674 F.3d 1066, 2012 WL 1020248, 2012 U.S. App. LEXIS 6275
CourtCourt of Appeals for the Eighth Circuit
DecidedMarch 28, 2012
Docket11-1948
StatusPublished
Cited by6 cases

This text of 674 F.3d 1066 (United States v. Baker) is published on Counsel Stack Legal Research, covering Court of Appeals for the Eighth Circuit primary law. Counsel Stack provides free access to over 12 million legal documents including statutes, case law, regulations, and constitutions.

Bluebook
United States v. Baker, 674 F.3d 1066, 2012 WL 1020248, 2012 U.S. App. LEXIS 6275 (8th Cir. 2012).

Opinion

GRUENDER, Circuit Judge.

William Baker pled guilty, pursuant to a written plea agreement, to one count of sexual exploitation of a minor in violation of 18 U.S.C. § 2251(a). In the plea agreement, the Government agreed to recommend a sentence at the low end of Baker’s advisory sentencing guidelines range. The district court, 1 however, imposed a longer sentence, and Baker now appeals, arguing that the Government breached the agreement with its comments at sentencing. We affirm.

At his change-of-plea hearing, Baker admitted the truthfulness of the following facts set forth in the plea agreement. Baker arranged and photographed a sexual encounter at his residence between a fifteen-year-old male and a fifteen-year-old female. The acts photographed by Baker included oral, anal, and vaginal sex between the minors. Baker provided alcohol to the minors before and during the encounter, showed them pornographic videos to “instruct” them how to do certain acts, and at one point touched the female minor’s genitals. Law enforcement recovered 114 photographs of the encounter from digital media at Baker’s residence. Baker also had a previous Missouri conviction for first-degree sexual abuse.

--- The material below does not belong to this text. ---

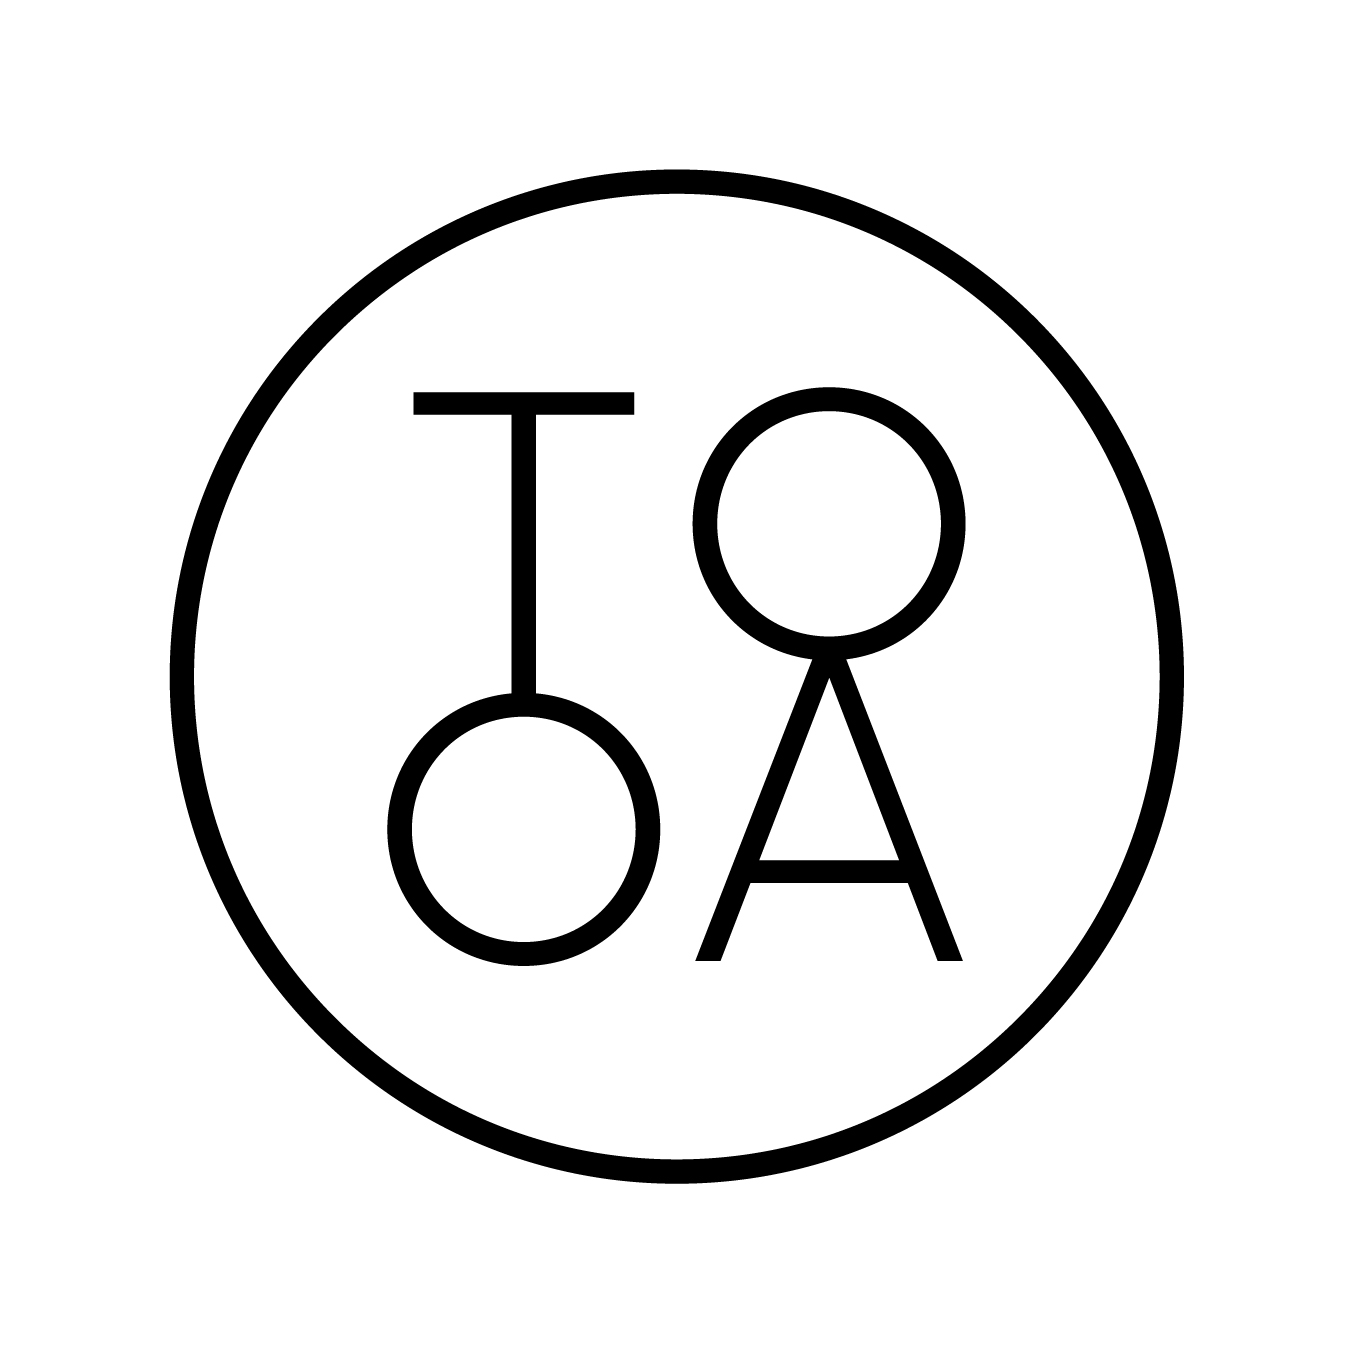 Logo TooA SpA

At the change-of-plea hearing, Baker confirmed that he understood his plea agreement contained a waiver of his right to appeal “on any ground except claims of ineffective assistance of counsel, prosecutorial misconduct or an illegal sentence.”

At Baker’s sentencing hearing, the district court determined an advisory guidelines range of 360 months to life, with the upper end of the range modified to 600 months by the statutory maximum. See 18 U.S.C. § 2251(e) (imposing a statutory range of imprisonment of twenty-five to fifty years for offenders with one qualifying prior conviction). The female victim and her mother each spoke on behalf of Baker and requested that the district court impose a sentence of less than 360 months. Baker also filed a letter in which he acknowledged that his punishment was warranted but stated, “I just wish it wasn’t so severe.” Thereafter, the Government acknowledged that it was bound under the plea agreement to recommend a sentence at the low end of the guidelines range (that is, 360 months), briefly summarized the offense conduct, and then stated:

They don’t get much worse than this, Your Honor. They don’t. And the defendant has made it abundantly clear by his own actions that he has a sexual preference for young children, and he’s never going to stop. Presumably 30 years will be enough to prevent him from ever doing this again.
*1068 And for those reasons, Your Honor, I believe that the guidelines adequately address the defendant’s actions here, and the government will stand by the plea agreement in this case.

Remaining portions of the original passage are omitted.